For all the negative perceptions above, I think it is even more important to build bridges of understanding. Though I am not from Hong Kong or China, I feel it is important to help English speaking Canadians, and Mandarin or Cantonese speaking Chinese to understand one another. For a start, I like to address the four negative perceptions above and suggest some ways to go about building bridges.

On CASH, try to understand that as new immigrants, many Chinese do not have Canadian work experience or qualifications. They need a roof over their heads, and a place to start their new life. For many, the cash that they have represent life savings and hard work over the years. For them to fly half way across the world into a foreign land is a huge risk in itself. While there are some Chinese who are 'filthy' rich, many are living off their life savings. 

Suggestion for New Immigrants: Don't flaunt your cash. Remember that your property purchases are not an end in itself. It jacks up property prices all over the city, and makes them out of reach for many locals. Just be sensitive.

On CHEAP, also understand that many new immigrants from China desperately need jobs. Locals need to accept them as they are, and also make it a point not to offer contracts based on the lowest price. In fact, by giving them contracts based on their low price, you are unwittingly encouraging them.

Suggestion for New Immigrants: Follow the local culture and licensing requirements. If you undercut and give an artificial low price, you will eventually be undercut by others. Better to work based on FAIR-PRICE rather than low price. Know the laws and the safety rules.

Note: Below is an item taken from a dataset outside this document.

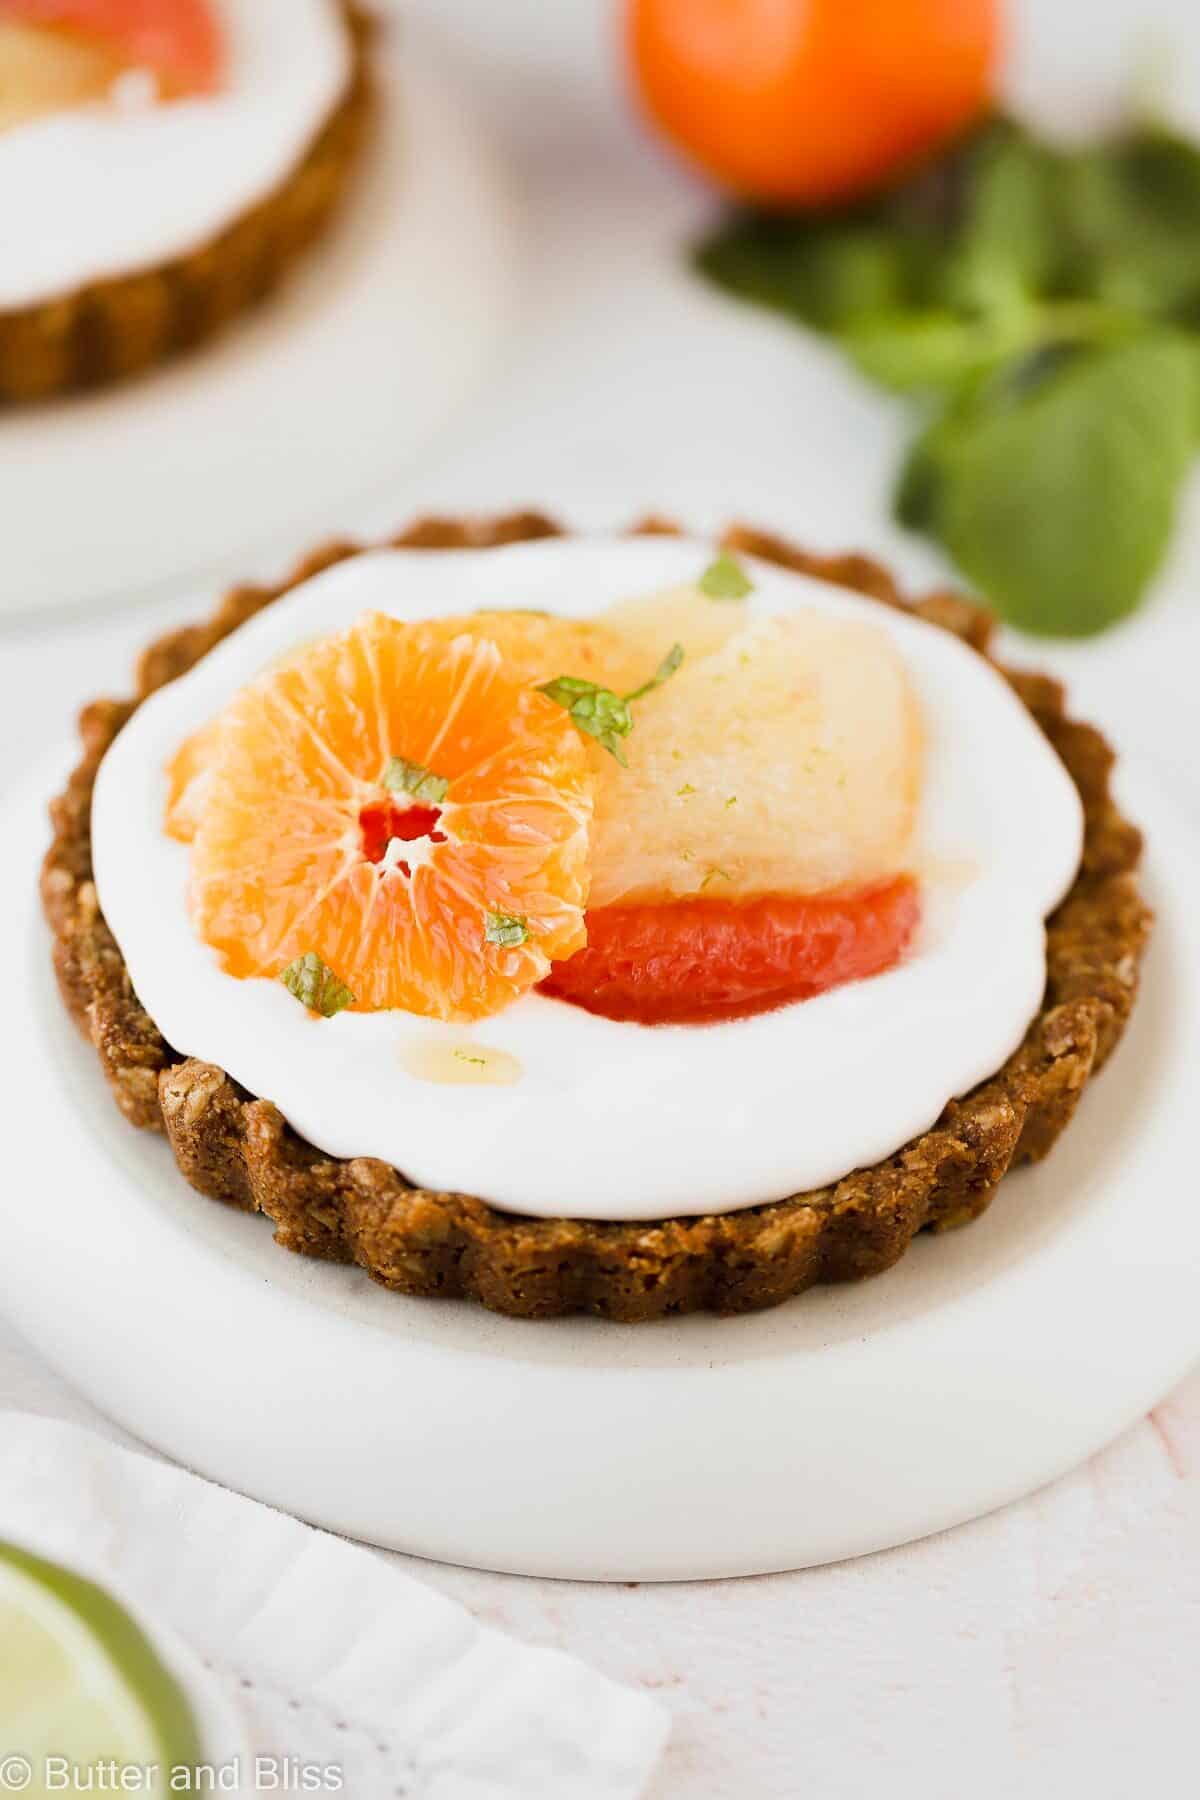 Healthier fruit dessert on a plate
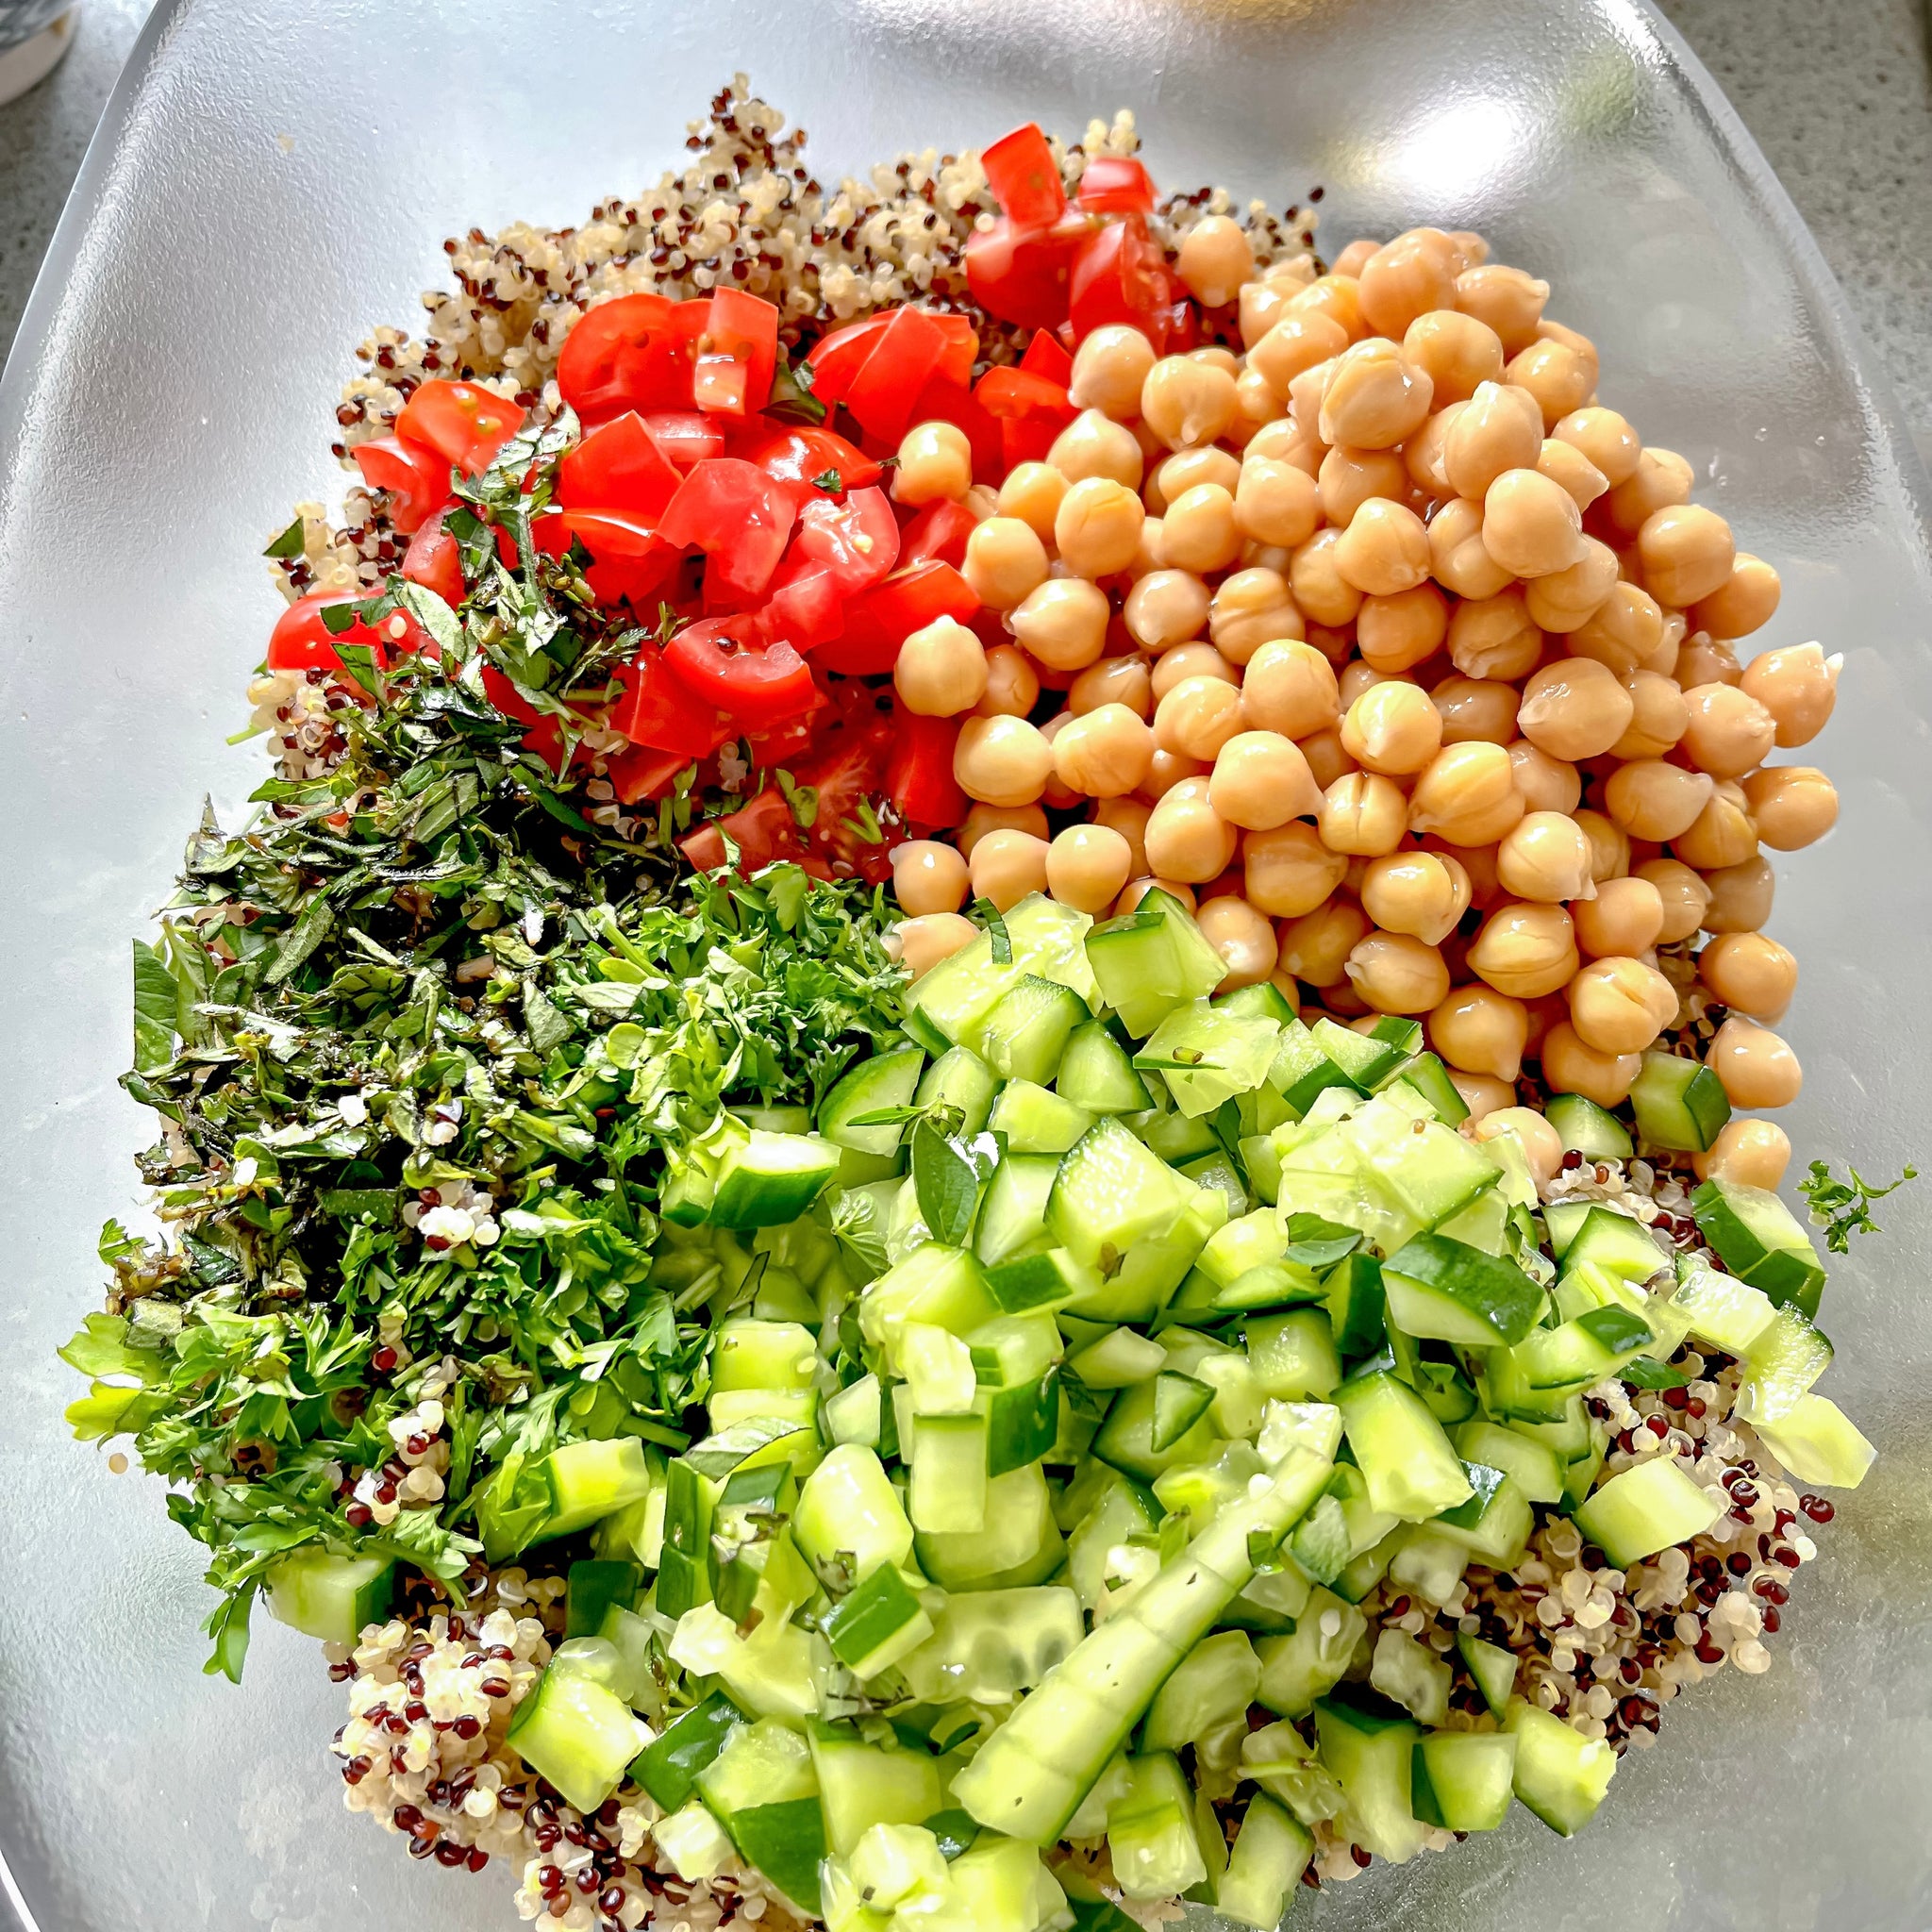 How to make Quinoa Salad at home

On COMMUNICATIONS, give new immigrants the time to learn English. Be more patient with them. For those who are struggling, encourage them. Maybe, local Canadians can help them along, and don the 'Canadian' quality that I find likable: Be Nice.

Suggestion for New Immigrants: Make an effort to speak. Make an effort to attend classes. Your effort helps.

On CLIQUE, it is understandable that new immigrants find comfort and encouragement among their own people. This is only natural. Why not have events that have both English and Chinese together? Have people from all ethnicities come together to have fun each year. I feel the current NHL Stanley Cup run is an excellent opportunity for everybody to come together. The marketing message: "We are All Canucks!" is a powerful opportunity to do just that.

Suggestion for New Immigrants: Remember that Vancouver, and Canada is larger than your small enclave.

It will take a while for bridges of understanding to be built. I hope this blog article can help contribute a small part toward it.